### Recorded data
*** Begin section ***

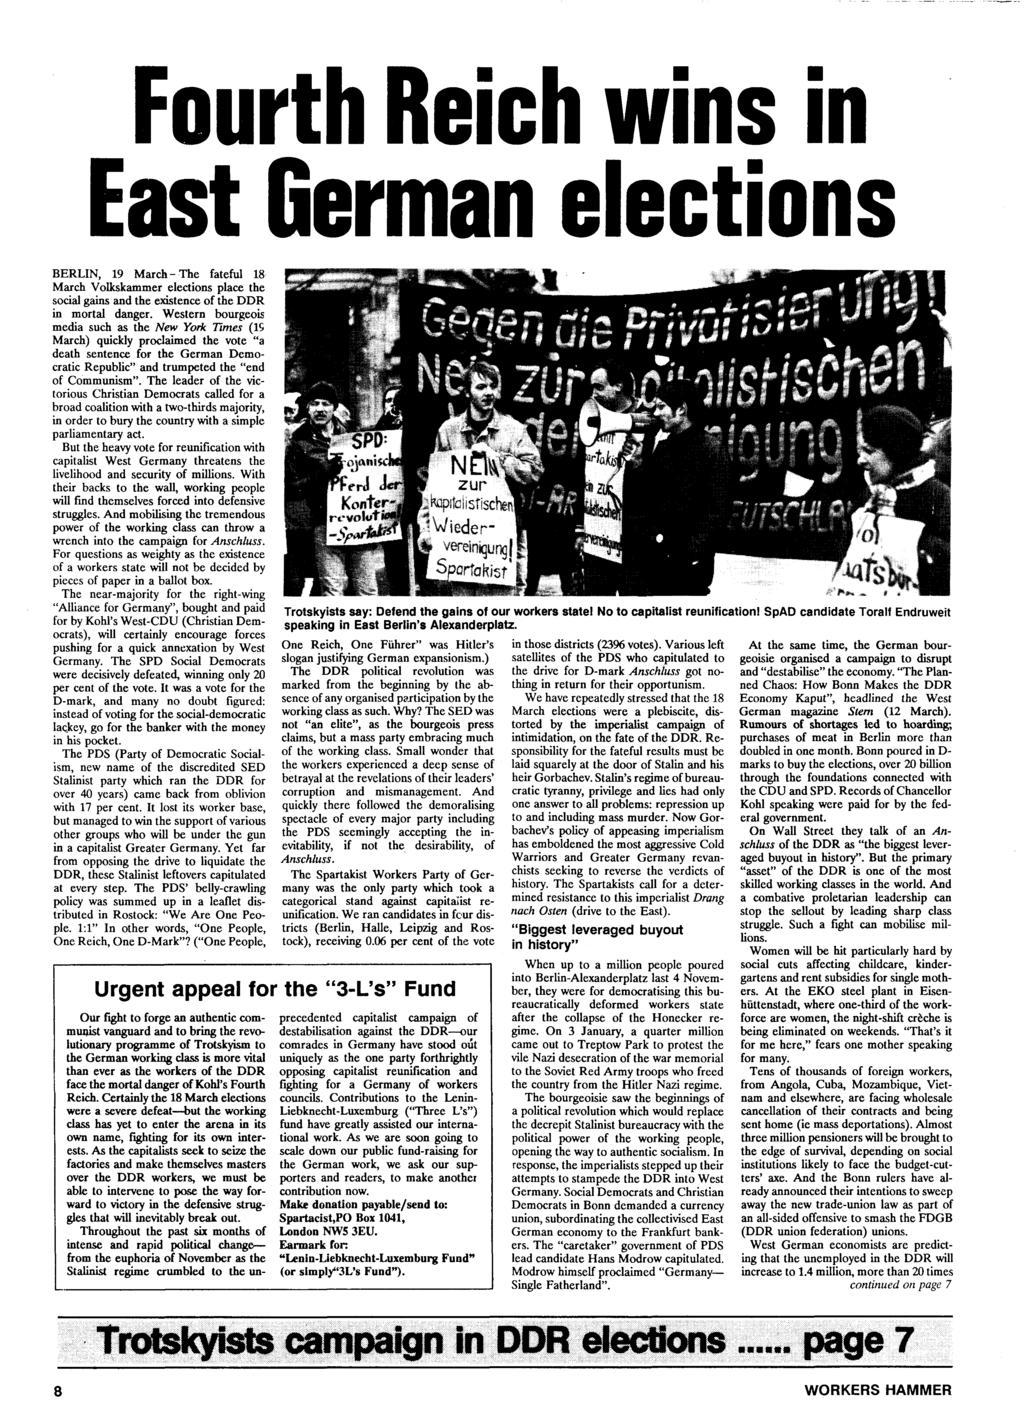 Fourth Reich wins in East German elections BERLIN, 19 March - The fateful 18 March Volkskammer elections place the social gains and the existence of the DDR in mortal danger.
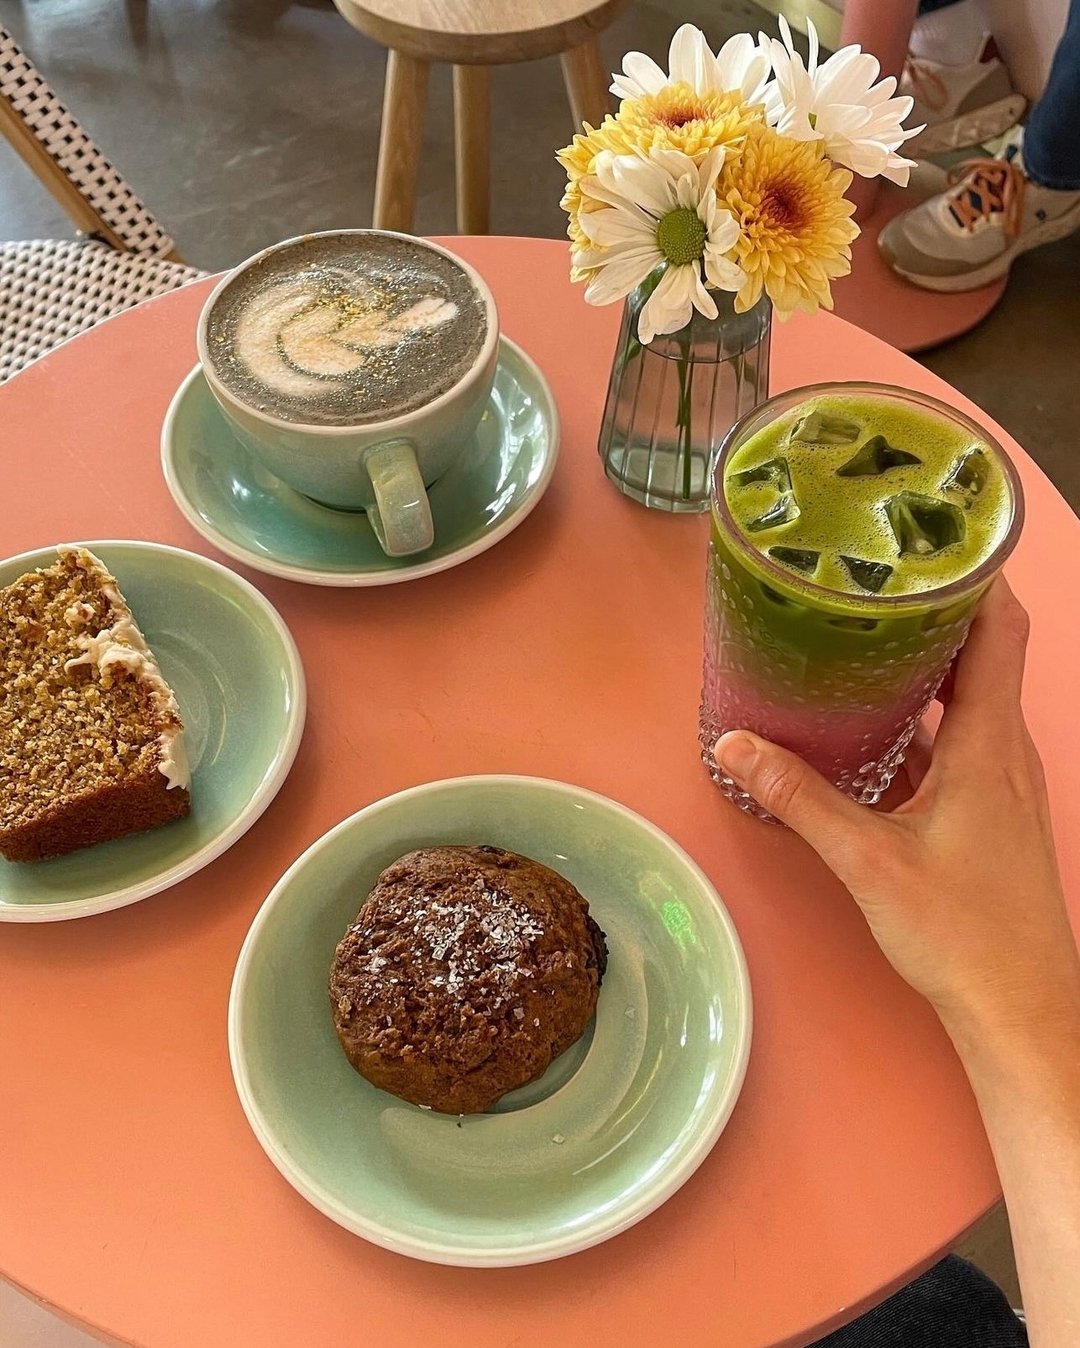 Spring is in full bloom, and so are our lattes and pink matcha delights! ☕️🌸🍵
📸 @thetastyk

*** End section ***

The task requires that every line above be transcribed exactly, without the images.

### Exercise response
 Fourth Reich wins in East German elections BERLIN, 19 March - The fateful 18 March Volkskammer elections place the social gains and the existence of the DDR in mortal danger.
 Spring is in full bloom, and so are our lattes and pink matcha delights! ☕️🌸🍵
📸 @thetastyk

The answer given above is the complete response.